What are the causes of microcytic (small cell) erythrocytosis (increased red blood cell count)?

From the Guidelines

Microcytic erythrocytosis is a complex condition that requires a comprehensive diagnostic approach to identify the underlying cause, which may include hemoglobinopathies, iron deficiency, or myeloproliferative disorders, and management should focus on treating the underlying cause while monitoring for potential complications such as thrombosis. The diagnosis of microcytic erythrocytosis involves a combination of morphologic and kinetic approaches, including complete blood counts, reticulocyte count, and iron studies, as outlined in the guidelines for evaluating anemia 1. Key considerations in the diagnosis and management of microcytic erythrocytosis include:

• Identifying the underlying cause, which may involve genetic testing, hemoglobin electrophoresis, and bone marrow examination
• Monitoring for potential complications, such as thrombosis, and taking steps to prevent them, such as phlebotomy
• Managing iron deficiency cautiously in patients with myeloproliferative disorders to avoid exacerbating erythrocytosis
• Providing genetic counseling and supportive care for patients with hemoglobinopathies The most recent and highest quality study on this topic, published in 2014 in the journal Blood, provides practice guidelines for the diagnosis and management of microcytic anemias due to genetic disorders of iron metabolism or heme synthesis 1. These guidelines emphasize the importance of integrating clinical and molecular insights into daily practice to avoid unnecessary delay in diagnosis, invasive or costly diagnostic tests, and harmful treatments. In particular, the guidelines highlight the need for accurate and timely diagnosis of genetic anemias, such as sideroblastic anemias, in which iron overload can lead to severe morbidity and mortality.
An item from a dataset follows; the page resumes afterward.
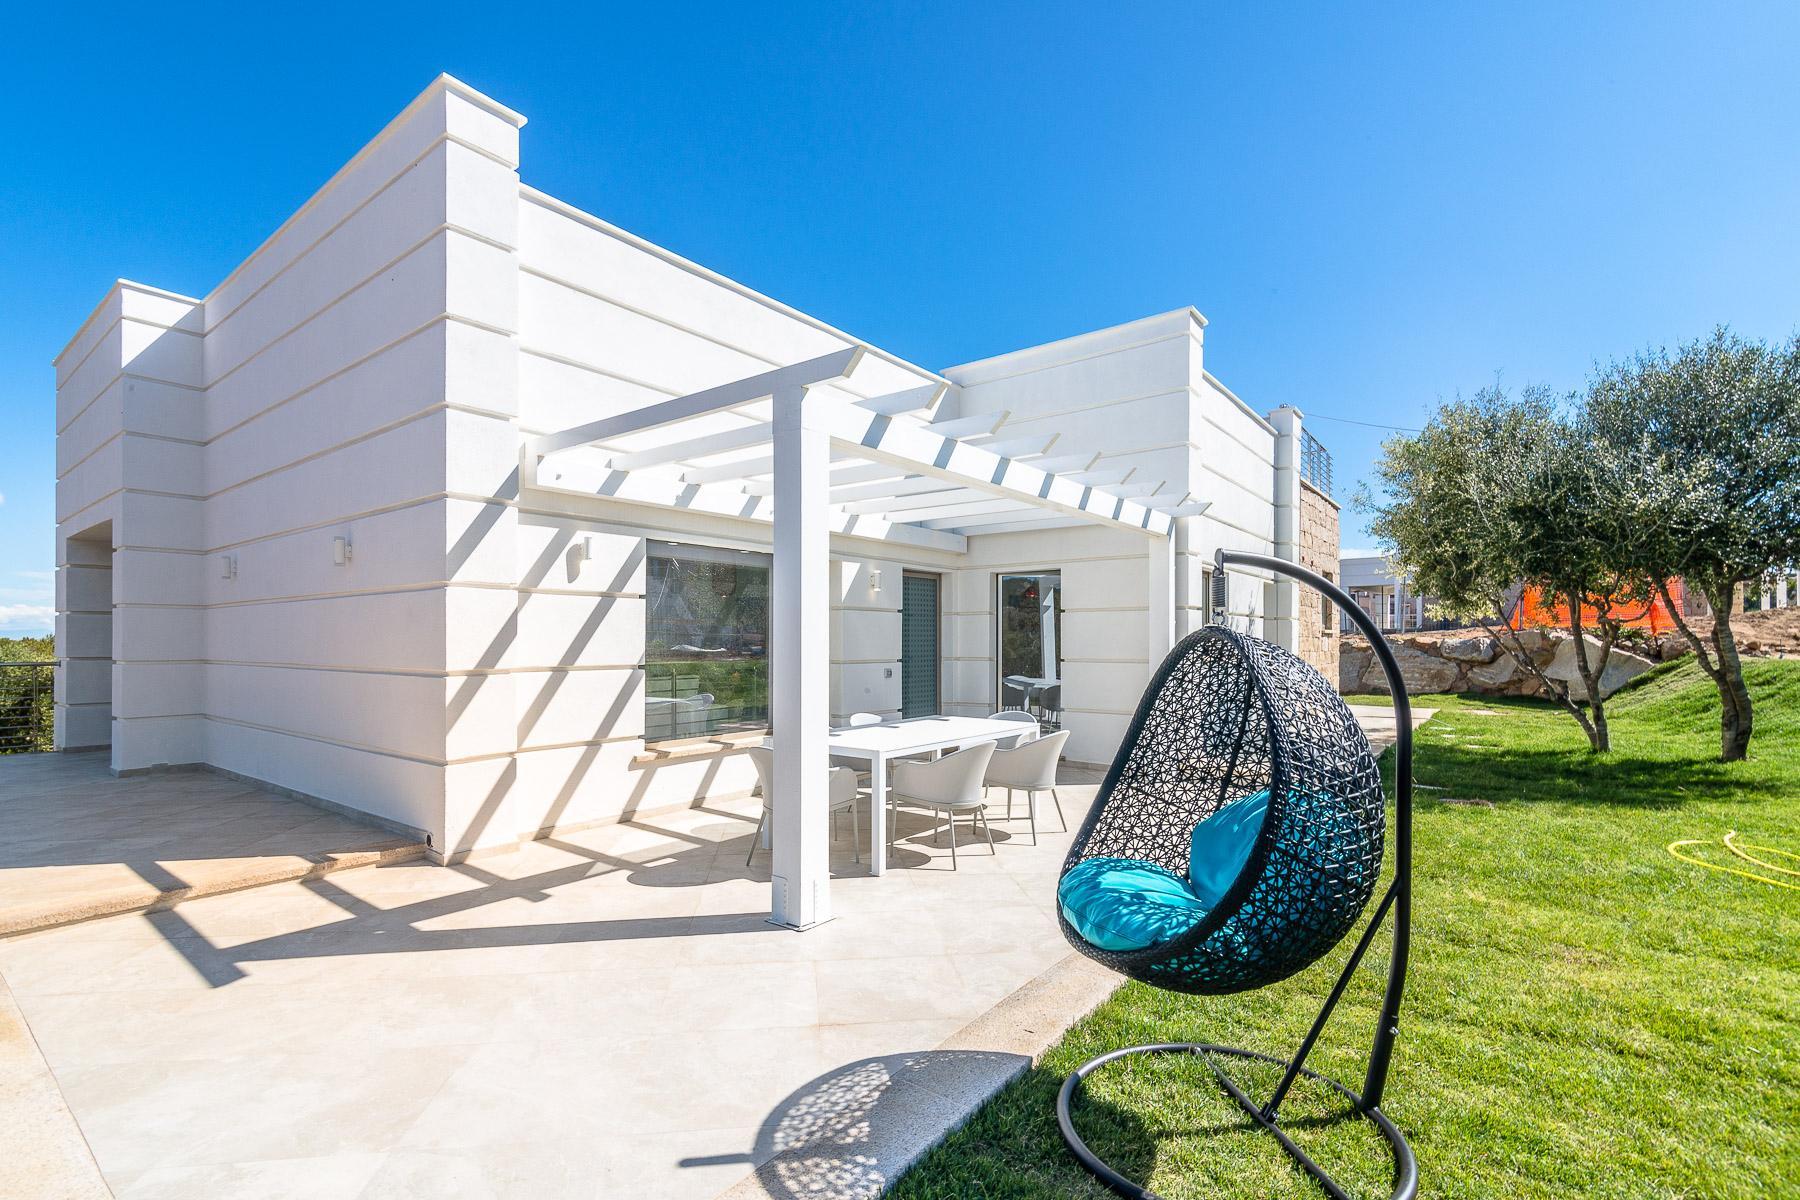 Pegasus Gorgeus Villa with swimming pool immersed in mediterranean fragrances - 12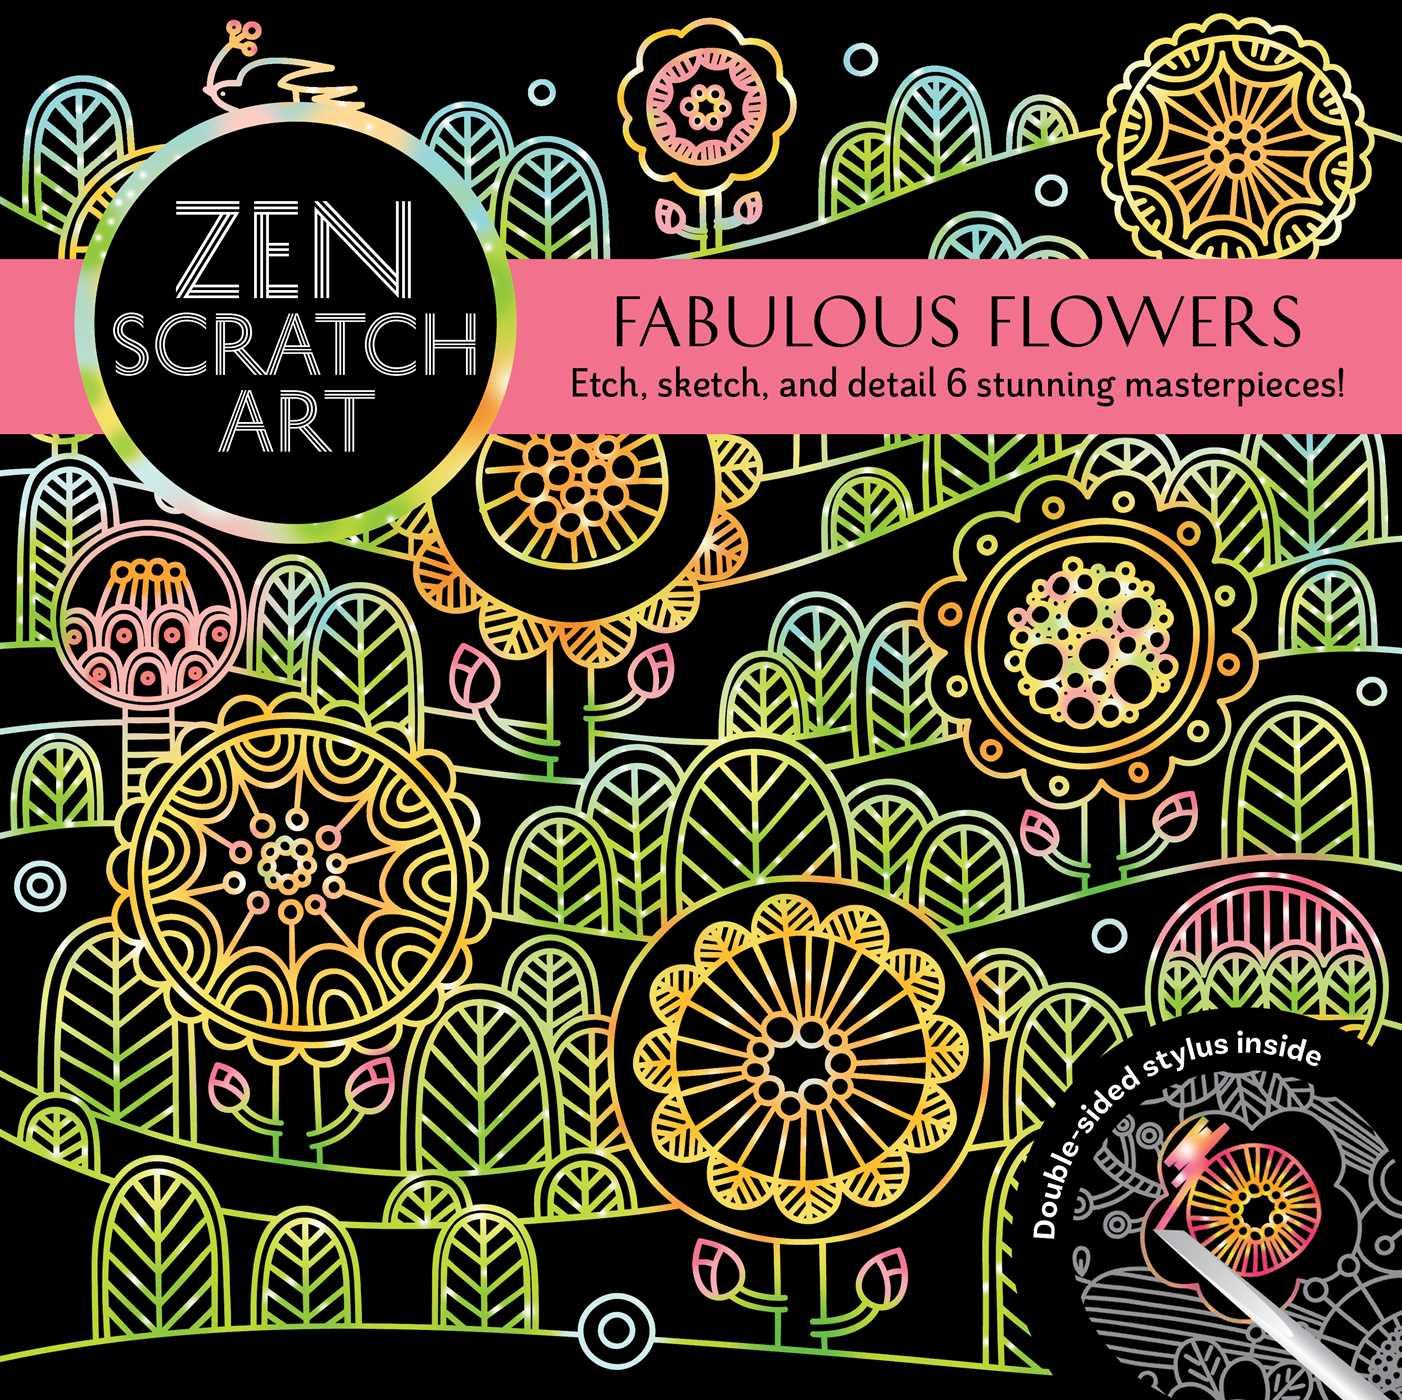 Zen Scratch Art Fabulous Flowers 9784056210750 Hr

Overall, the management of microcytic erythrocytosis requires a careful and individualized approach, taking into account the underlying cause and potential complications, and should be guided by the most recent and highest quality evidence available.

From the Research

Definition and Causes of Microcytic Erythrocytosis

• Microcytic erythrocytosis refers to a condition where there is an increase in the number of red blood cells (erythrocytosis) with a mean corpuscular volume (MCV) of less than 80 µm3 (80 fL) in adults 2.
• The most common causes of microcytosis are iron deficiency anemia and thalassemia trait, with other diagnoses including anemia of chronic disease, lead toxicity, and sideroblastic anemia 2.
• Microcytic polycythemia can also occur in patients with chronic hypoxia, where supplemental iron is often required to maintain the increased red blood cell mass, but iron deficiency with microcytic polycythemia can develop if iron is withheld or if blood withdrawal worsens the iron deficiency 3.

Evaluation and Diagnosis

• Serum ferritin measurement is the first laboratory test recommended in the evaluation of microcytosis, with low ferritin levels suggesting iron deficiency 2.
• Further evaluation may include total iron-binding capacity, transferrin saturation level, serum iron level, and possibly hemoglobin electrophoresis to differentiate between iron deficiency anemia and thalassemia trait 2.
• In cases of erythrocytosis, measurement of the erythropoietin level is a first step, with a low erythropoietin level indicating a primary cause and a normal or elevated level indicating a secondary etiology 4.

Management and Treatment

• The combination of frequent phlebotomy with oral iron therapy may improve iron stores while safely maintaining a stable hematocrit level in patients with microcytic polycythemia, with beneficial effects on tissue oxygen delivery and utilization 3.
• In cases of iron deficiency anemia, treatment with iron supplementation is necessary, but the underlying source of the deficiency should be determined, with the possibility of gastrointestinal malignancy considered 2.
• For patients with thalassemia trait, no specific treatment is usually required, but genetic counseling may be necessary 2.

Related Conditions

• Macrocytosis, or an increased MCV, can also occur in patients with chronic obstructive pulmonary disease (COPD), with the cause of the elevation in MCV remaining elusive 5.
• Erythrocytosis can be classified as primary or secondary, congenital or acquired, with polycythemia vera being the most common primary acquired disorder 4.